It is a list of accession numbers indicating transporter candidate genes. It is three types of obtained plasmid maps. It is a map of pYES2 plasmid. It is the figure which showed the growth curve of the yeast which has a cesium transporter in a liquid medium. It is the photograph which showed the culture result of the yeast which has a cesium transporter in the solid medium containing various concentrations of cesium. It is the experimental result which investigated the expression site | part of each cesium transporter gene by RT-PCR. It is the figure which showed the time-dependent change of the cesium absorption amount in yeast at the time of introduce | transducing the gene of accession number AK241580 into yeast.
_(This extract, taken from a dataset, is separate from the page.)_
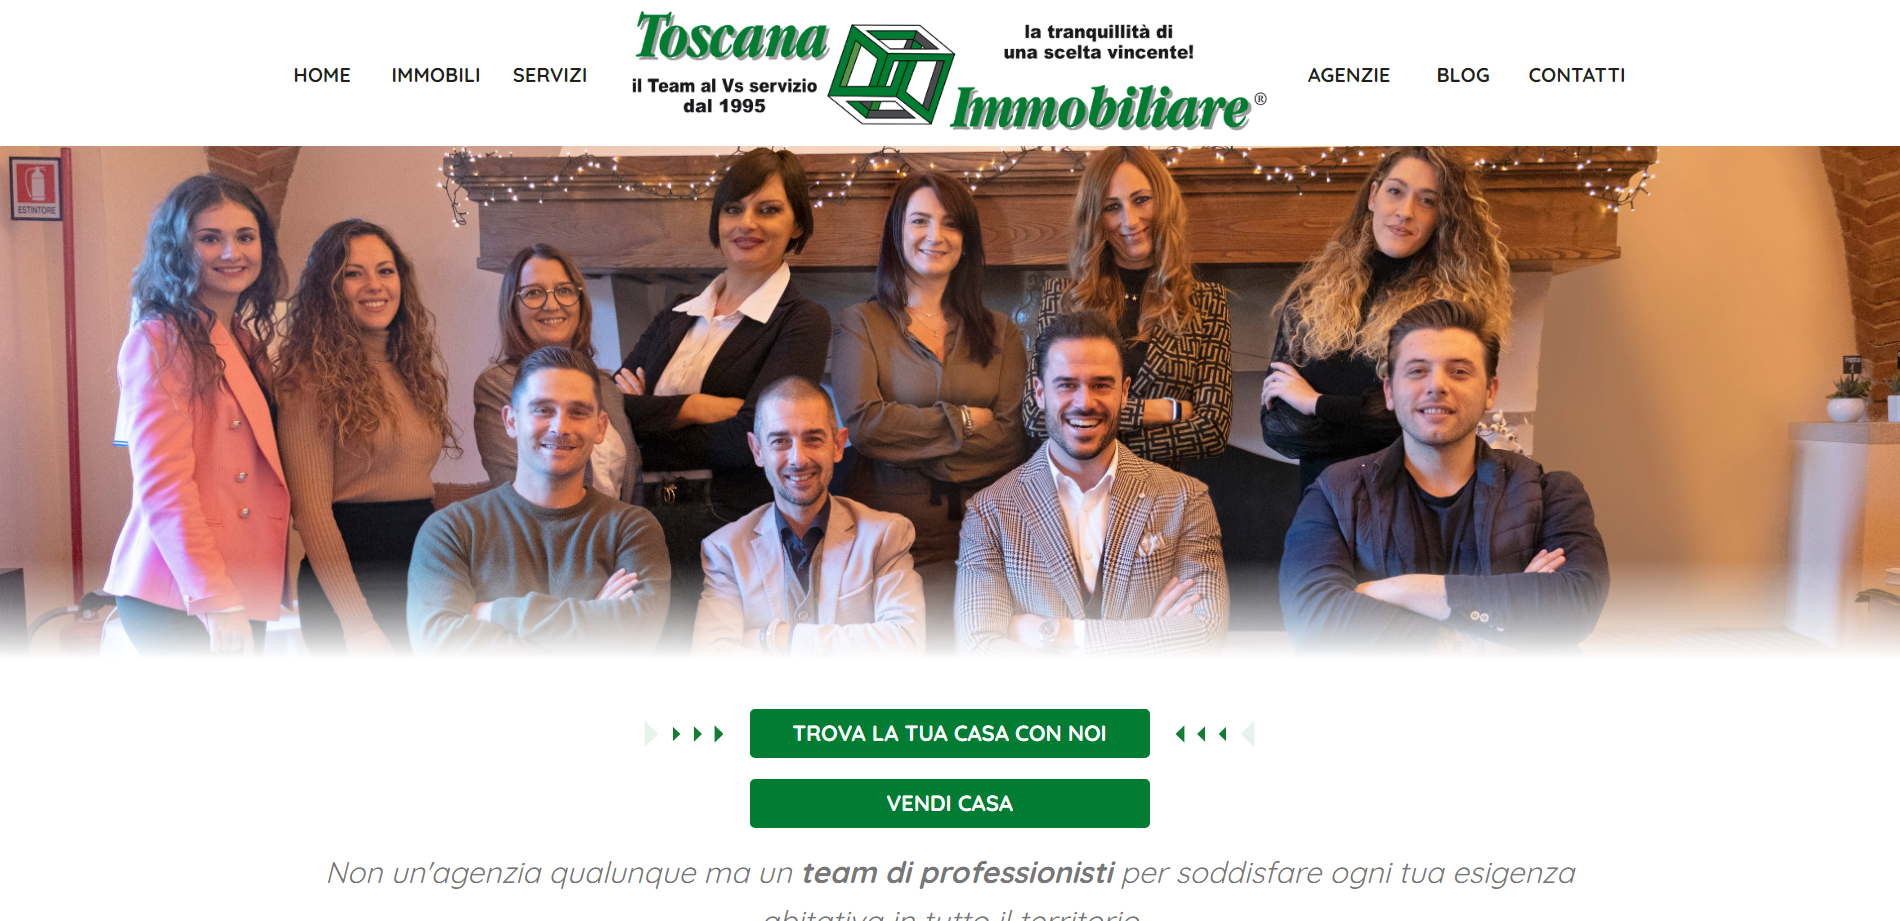 Il nuovo sito web di Toscana Immobiliare è online!

  In the present embodiment, rice cultivation in which management technology including agricultural equipment is widespread, i.e., focusing on rice, focusing on identifying cesium transporters, and by losing cesium transporters, An embodiment for producing cesium low-absorption rice will be described.
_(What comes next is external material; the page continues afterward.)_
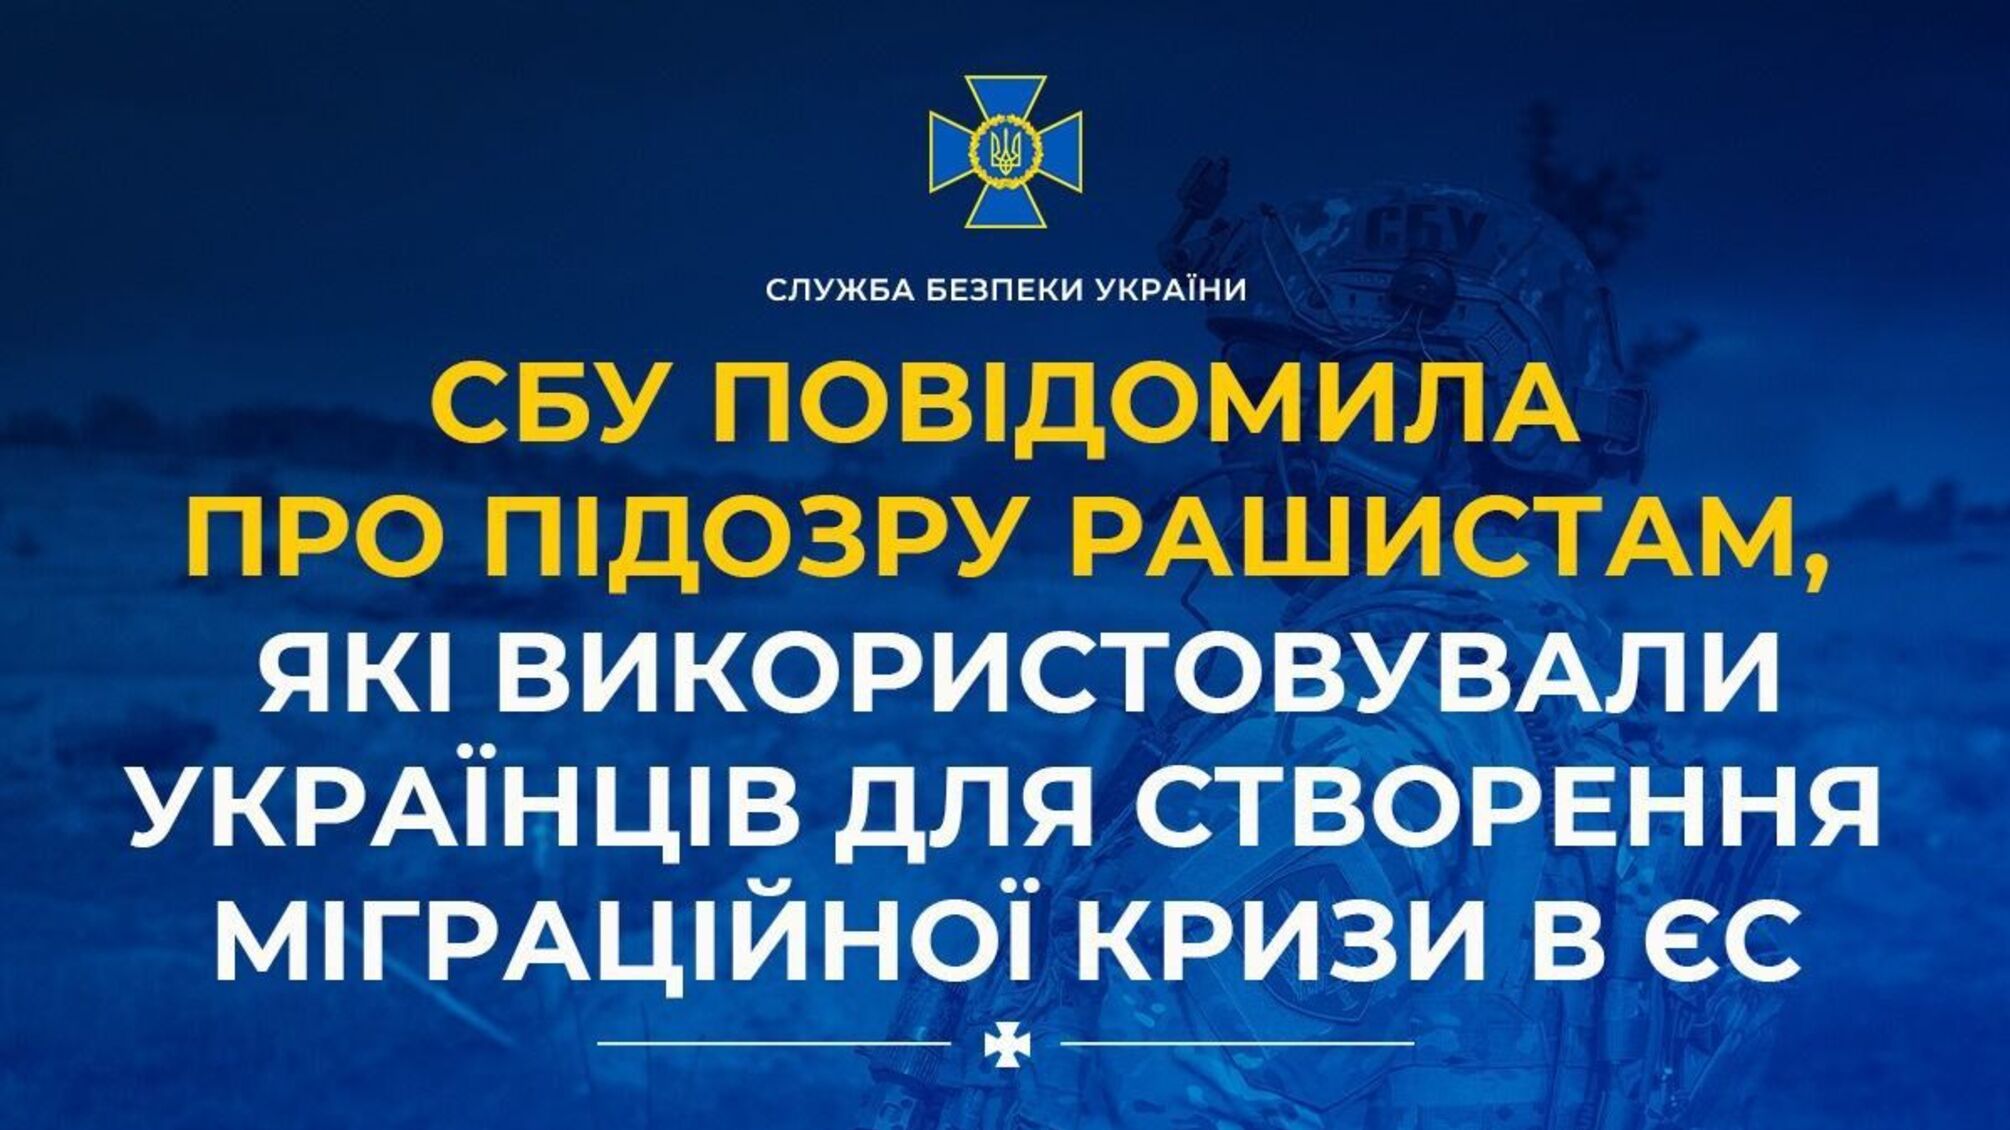 СБУ повідомила про підозру рашистам, які використовували українців для створення міграційної кризи в ЄС
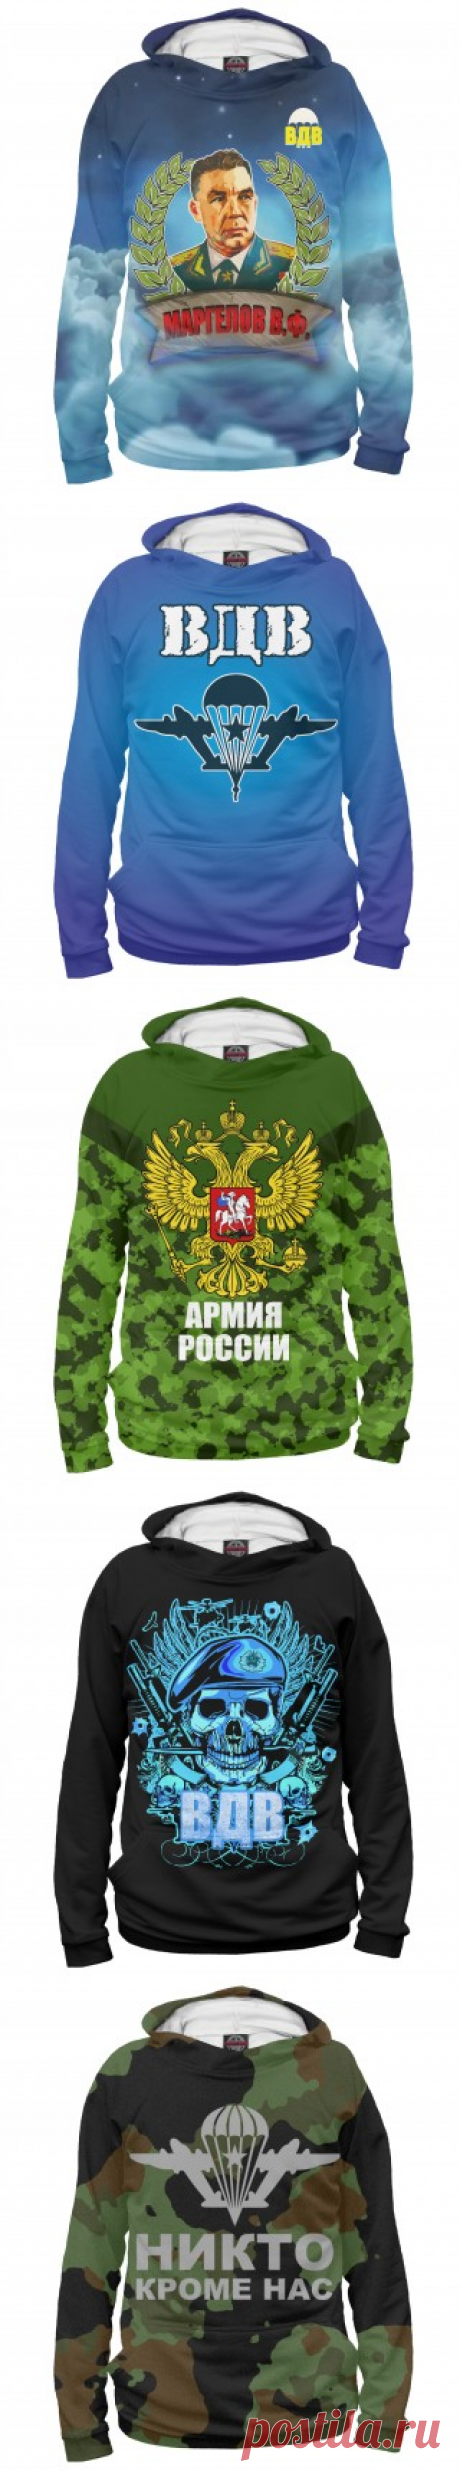 Коллекция Армия России | Студия одежды нового формата!

Hereinafter, embodiments of the present invention will be described in detail with reference to the drawings.
<Selection of candidate genes>
First, we decided to construct a yeast library. Approximately 32,000 rice full-length cDNAs have been isolated, and of these, there are approximately 1300 proteins that transport nutrients and the like, that is, transporters or candidates thereof.
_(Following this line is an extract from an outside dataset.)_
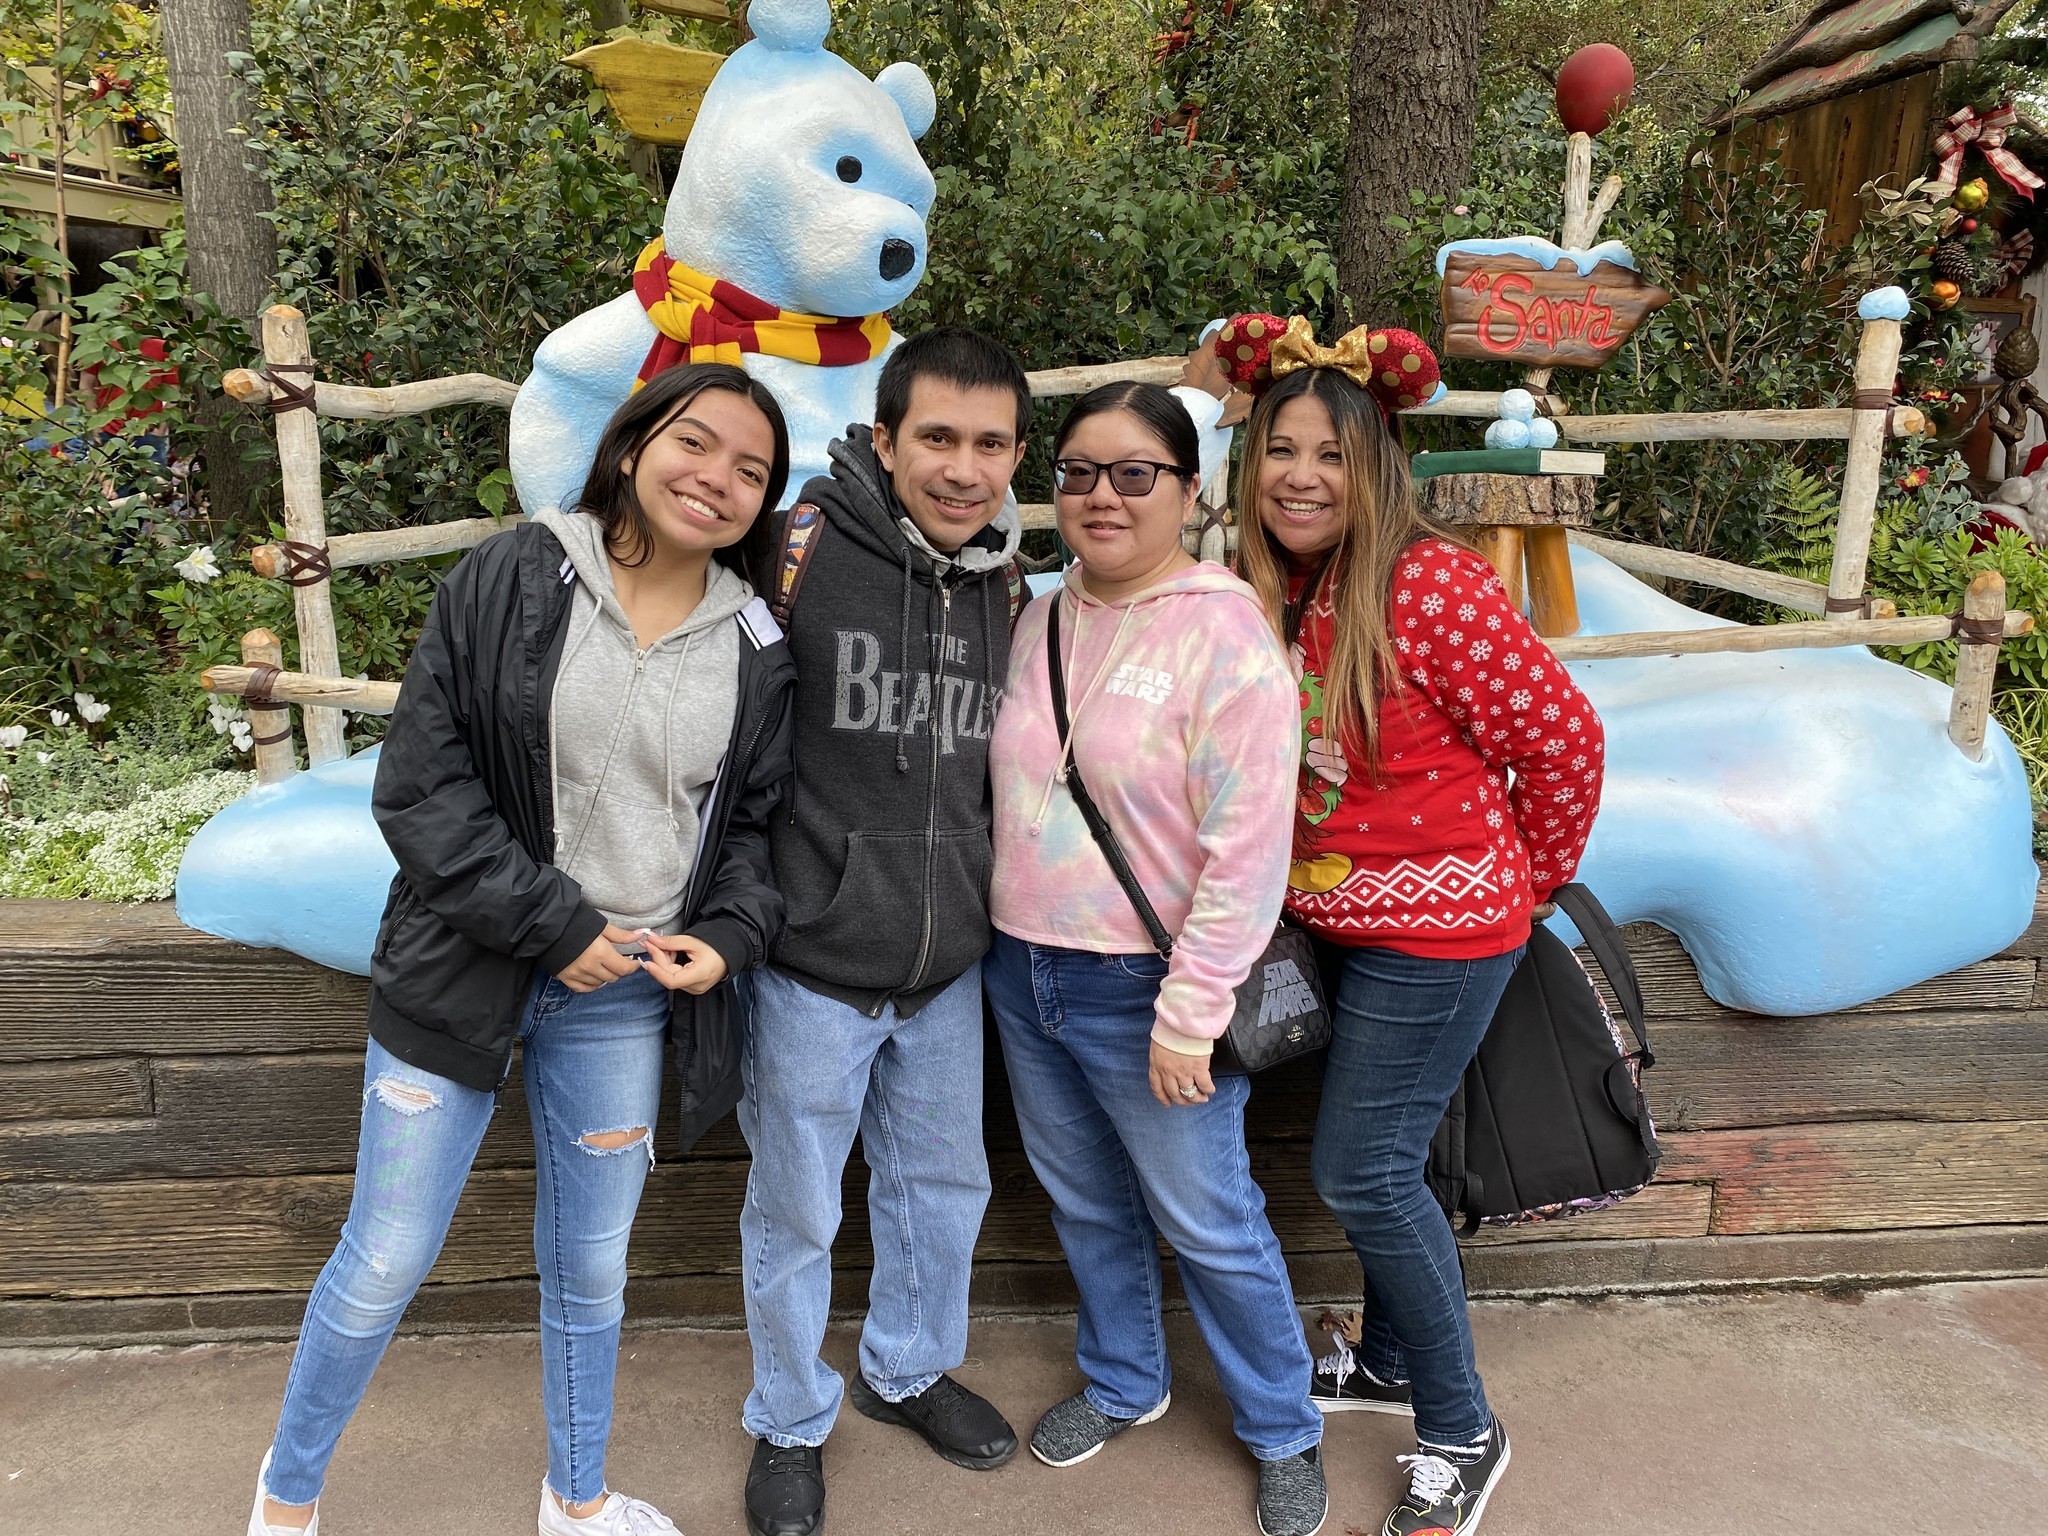 The Romero family at Winnie the Pooh's corner in Disneyland

  Therefore, in addition to the previous research results by the present inventors, about 1350 rice candidate transporter genes (full-length cDNA) were obtained from the Rice Genome Resource Center (National Institute of Agrobiological Sciences). A list of accession numbers is shown in FIG.

  These genes are distributed in the form of plasmids that express recombinant proteins in the prokaryotic E. coli. There are three types of plasmids distributed, and plasmid maps are shown in FIG.

<Recombination of candidate genes into pYES2>
For the purpose of expressing the recombinant protein in yeast, it was decided to perform the work of incorporating the gene into the yeast protein expression vector pYES2 plasmid (Invitrogen). Since this plasmid also has a uracil synthetic gene, the expression of the introduced gene can be evaluated by using a yeast that does not synthesize uracil. Further, since the gene is inserted downstream of the galactose-inducible GAL1 promoter, it is possible to control the expression of the transgene in yeast. This plasmid map is shown in FIG. The sequences used for homologous recombination are shown in SEQ ID NOs: 34 and 35.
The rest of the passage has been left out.